A lower MIC was observed for Ulmo 90 honey (3.1% - 6.3% v/v) in comparison to manuka (12.5% v/v) for all five MRSA strains. Although this difference, which is one dilution, may not be significant. A previous report [13], showed that the MBC from Medihoney (contains manuka honey) against MRSA was 3% while ours was 3.1% v/v for Ulmo 90 for 3 of the 5 strains and 6.3% v/v for the other two. That previous report [13] proposed that there are differences in the susceptibility of strains of the same species, which we have confirmed for MRSA isolates. The MIC values for manuka honey may seem high (12.5%), especially when compared to Patton et al. (2006) [10], where the same spectrophotometric assay was used. That study used a less potent manuka honey (UMF 18+) with a resulting MIC of 6.25% v/v. However, the differences observed between that study and the current study may explain this anomaly, e.g. a different strain of S. aureus was used in that study.

The removal of hydrogen peroxide activity from Ulmo 90 was shown to have reduced its antimicrobial activity. A 25% v/v solution of the Ulmo 90 had no detectable antibacterial activity when tested in the presence of catalase, where previously a 3.1% v/v solution of Ulmo honey was both the MIC and MBC for MRSA strain 0791. This would suggest that bacterial inhibition in the previous experiments was mainly due to hydrogen peroxide generation. Although some activity was observed in Ulmo 90 at 50% v/v concentration, the same activity was seen in the laboratory synthesised honey, which may indicate that activity at this concentration may be due to other factors such as osmotic pressure or high sugar content. In contrast, while the MIC and MBC was affected, a 25% v/v solution of manuka displayed antibacterial activity in the presence of catalase i.e. this was the dilution at which both MIC and MBC was observed on the removal of peroxide activity. This finding was expected for manuka as it has been previously shown that its antibacterial activity is attributed to non-peroxide components such as MGO [12]. As catalase is present in body tissues, this may have an effect on the in vivo activity of hydrogen peroxide-dependent honeys. However the extent of this effect is not known.

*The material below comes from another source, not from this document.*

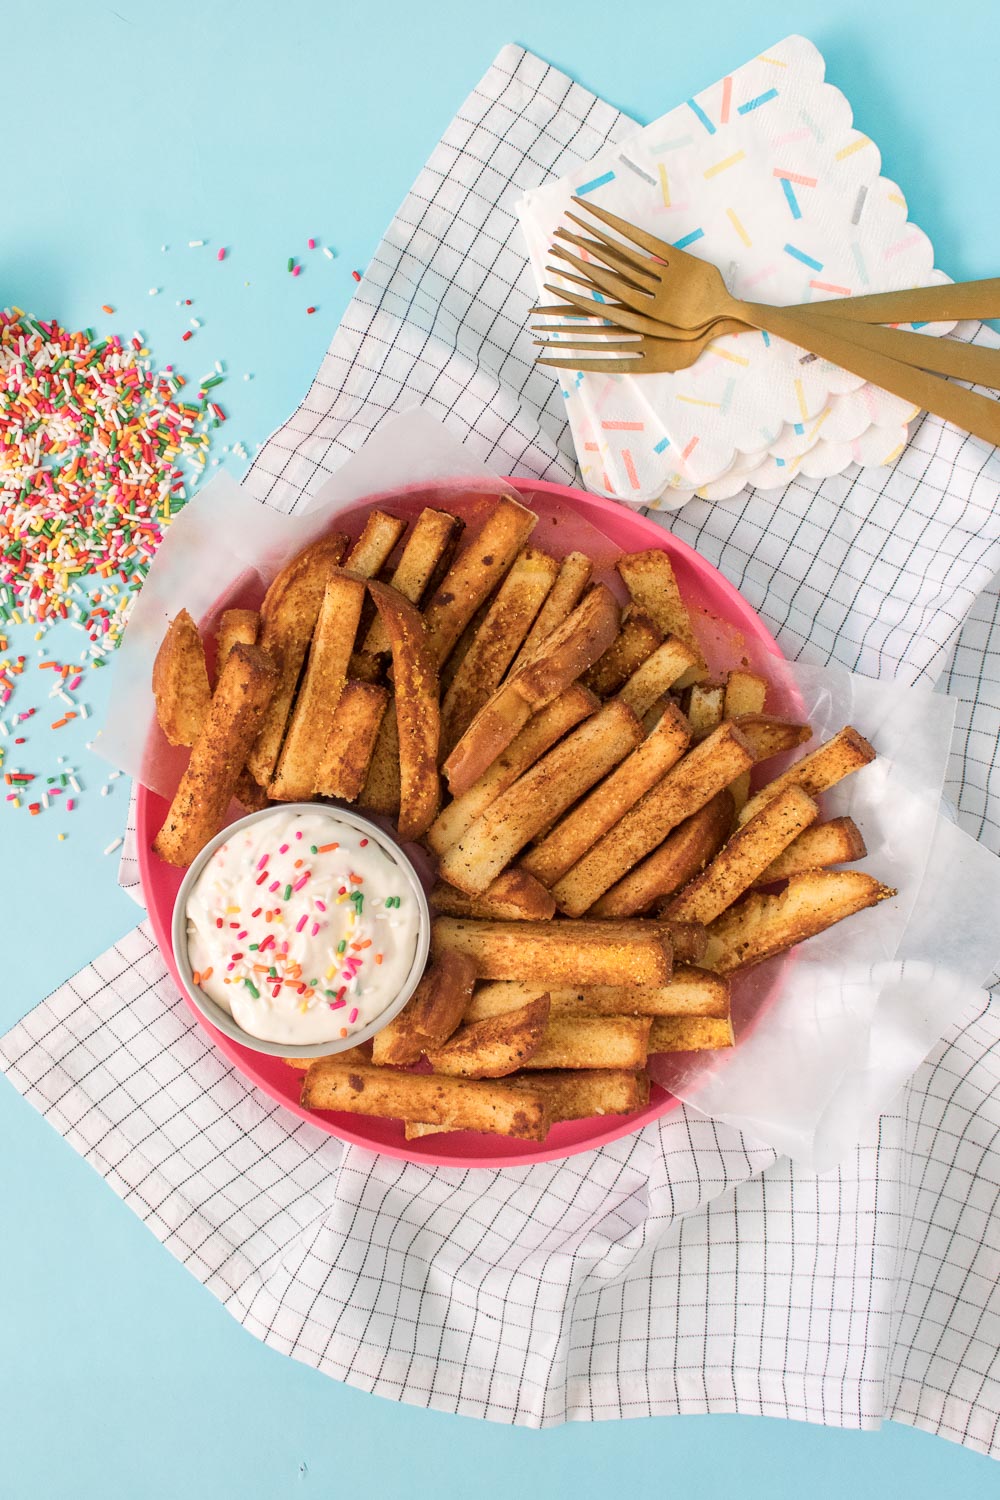 Cake Fries + Frosting Dipping Sauce | Club Crafted

Similar to other studies, this paper presents the findings of in vitro antibacterial activity of a honey against planktonic bacteria and therefore results cannot be extrapolated to the chronic wound environment. The chronic wound harbours up to four different wound pathogens [14] and indeed the presence of bacterial wound biofilms compound the difficulties in understanding and managing such an environment [13]. Within the biofilm, the characteristics of the bacteria change, so that biofilm-embedded bacteria are up to 1000 times more resistant to antibiotics than the 'planktonic' bacteria that are used to test antibiotic sensitivity [15]. The antibacterial nature of honey is dependent on various factors working either singularly or synergistically, the most salient of which are; hydrogen peroxide (produced by the glucose oxidase added to honey by bees), phenolic compounds, wound pH, pH of honey; osmotic pressure exerted by the honey, cleansing of the wound bed by the honey, level of exudate and the frequency of application. The degree to which any one of these contribute to in vivo antimicrobial efficacy has yet to be determined. However, a recent study examining the antimicrobial properties of honey in vitro found that hydrogen peroxide, MGO and an antimicrobial peptide, bee defensin-1, were distinct mechanisms involved in the bactericidal activity of honey [16]. In addition to its antimicrobial properties, the effects of honey on host cells may also play an important role in wound healing [17, 18]. Therefore to focus solely on peroxide in honey limits our understanding of how honey may contribute to managing the bacterial wound bioburden.


From the results contained in this report we conclude that, due to its high antimicrobial activity, Ulmo 90 may warrant further investigation into its use as a possible alternative therapy for wound healing.